Female customers are taking notice. Stylist Dianne Garcia, who works with clients like SZA and Kendrick Lamar, says she’s become a New Balance fan in her 30s as she’s grown more disillusioned with the excess and hype driving much of the sneaker world.
“I didn’t feel like I was a part of that trend any longer,” she says. “I just got to a point in my life where I want to wear something that’s really comfortable and functional and very neutral.” A pair of all-white New Balances — or an ALD style in a classic, Ralph Lauren-esque colorway (collegiate reds, hunter greens, and mustard yellows) — fits the bill most days of the week.
Kia Marie, a content creator and sneaker influencer, started wearing New Balance sneakers in college back in the early 2000s, but took notice of the brand in a new way as it began rolling out collaborations and bringing back archival styles like the 550. More than its competitors, it seems to recognize the value in storytelling and building connections through its partnerships, she says.
“It’s not just, ‘Oh, here’s a shoe. Let me just slap my name on it as a collab.’ You can actually see the inspiration in the design,” she says. Plus, there’s the execution. “They’re consistent. Everything they put out is fire.”
While New Balance may have lagged behind some of its peers in terms of getting into the collaborations game, the timing may have turned out to be fortuitous.
Six years ago, when the brand was embroiled in its Trump scandal (which stemmed from a quote about trade policy that it argued was taken out of context), it didn’t have far to fall with the sneakerhead crowd.

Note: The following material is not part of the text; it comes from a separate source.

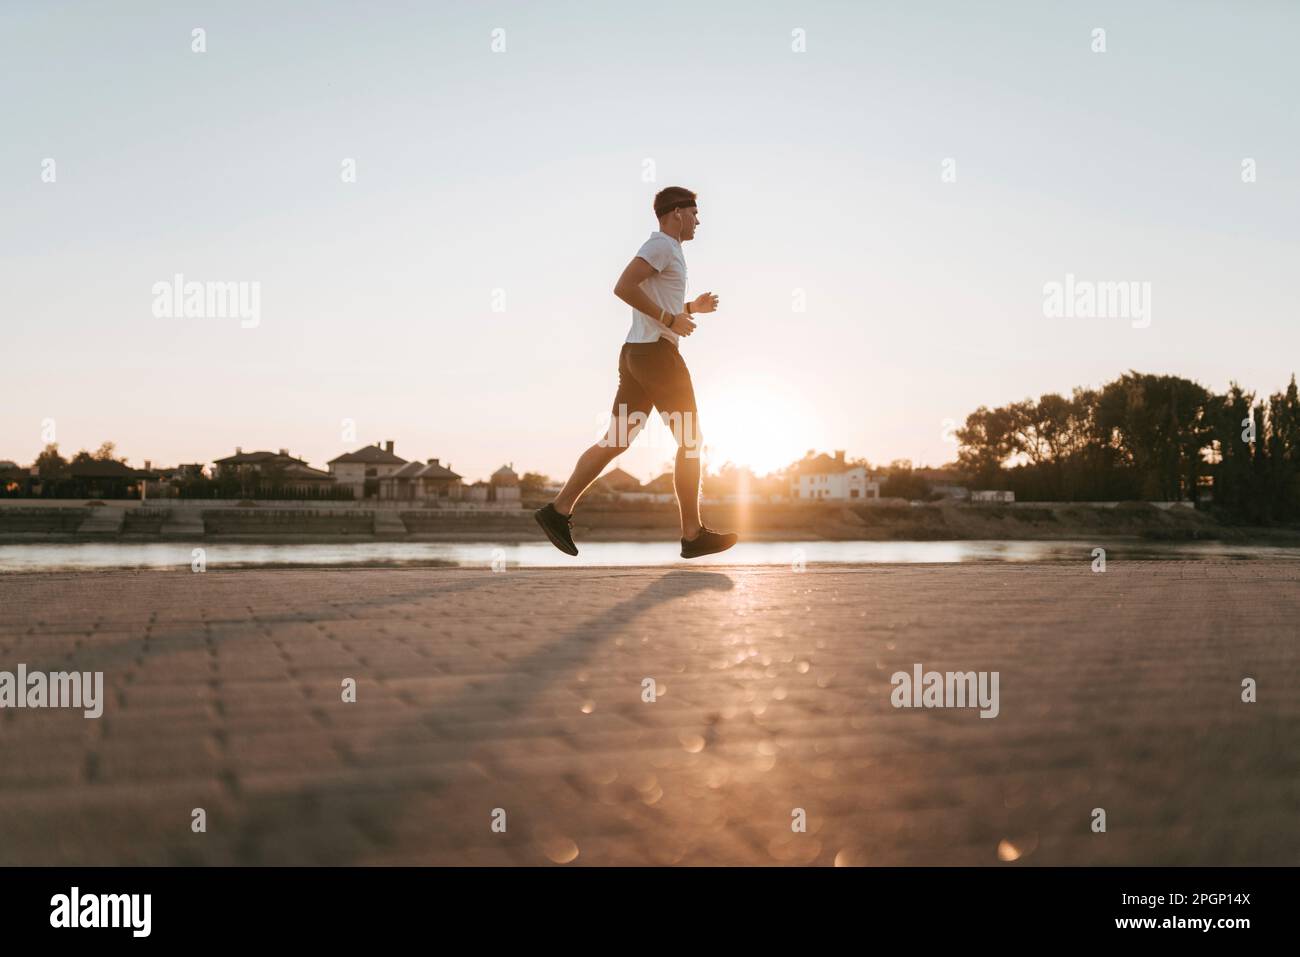 Jeune homme qui court sur une piste de jogging au coucher du soleil Banque D'Images

Marie says she wasn’t wearing New Balance in 2016 anyway, so steering clear of the brand for a year or two in the wake of the political backlash wasn’t much of a loss. In the time since, she says, she feels the brand has demonstrated its values by sticking to what it knows — product — and cultivating supportive partnerships with diverse creatives.
While the Ohio dad demographic (referenced playfully in some of its ads) is still an important New Balance customer, the fashion crowd is now powering much of its business. The challenge will be figuring out how to appease both — and how to keep fans excited about what’s new without straying too far from the brand’s roots.
In the coming months, per Grondin, we’ll see Santis’s debut Made in USA collection — the first glimpses of which appear in ALD’s new campaign — a collaboration with a “mid-to-higher-tier European brand” and another with an independent designer showing at Paris Fashion Week’s menswear shows in June. Another Staud drop, this time with a “Cali surf vibe” and inspired by a campaign pulled from the New Balance vaults, is also in the pipeline, along with further restocks of those perennially sold-out 550s.
Will New Balance stay on top forever? Can any brand? After 116 years in business, “They have longevity already. So they have the formula,” says Marie. Now it’s the competition that has to keep up.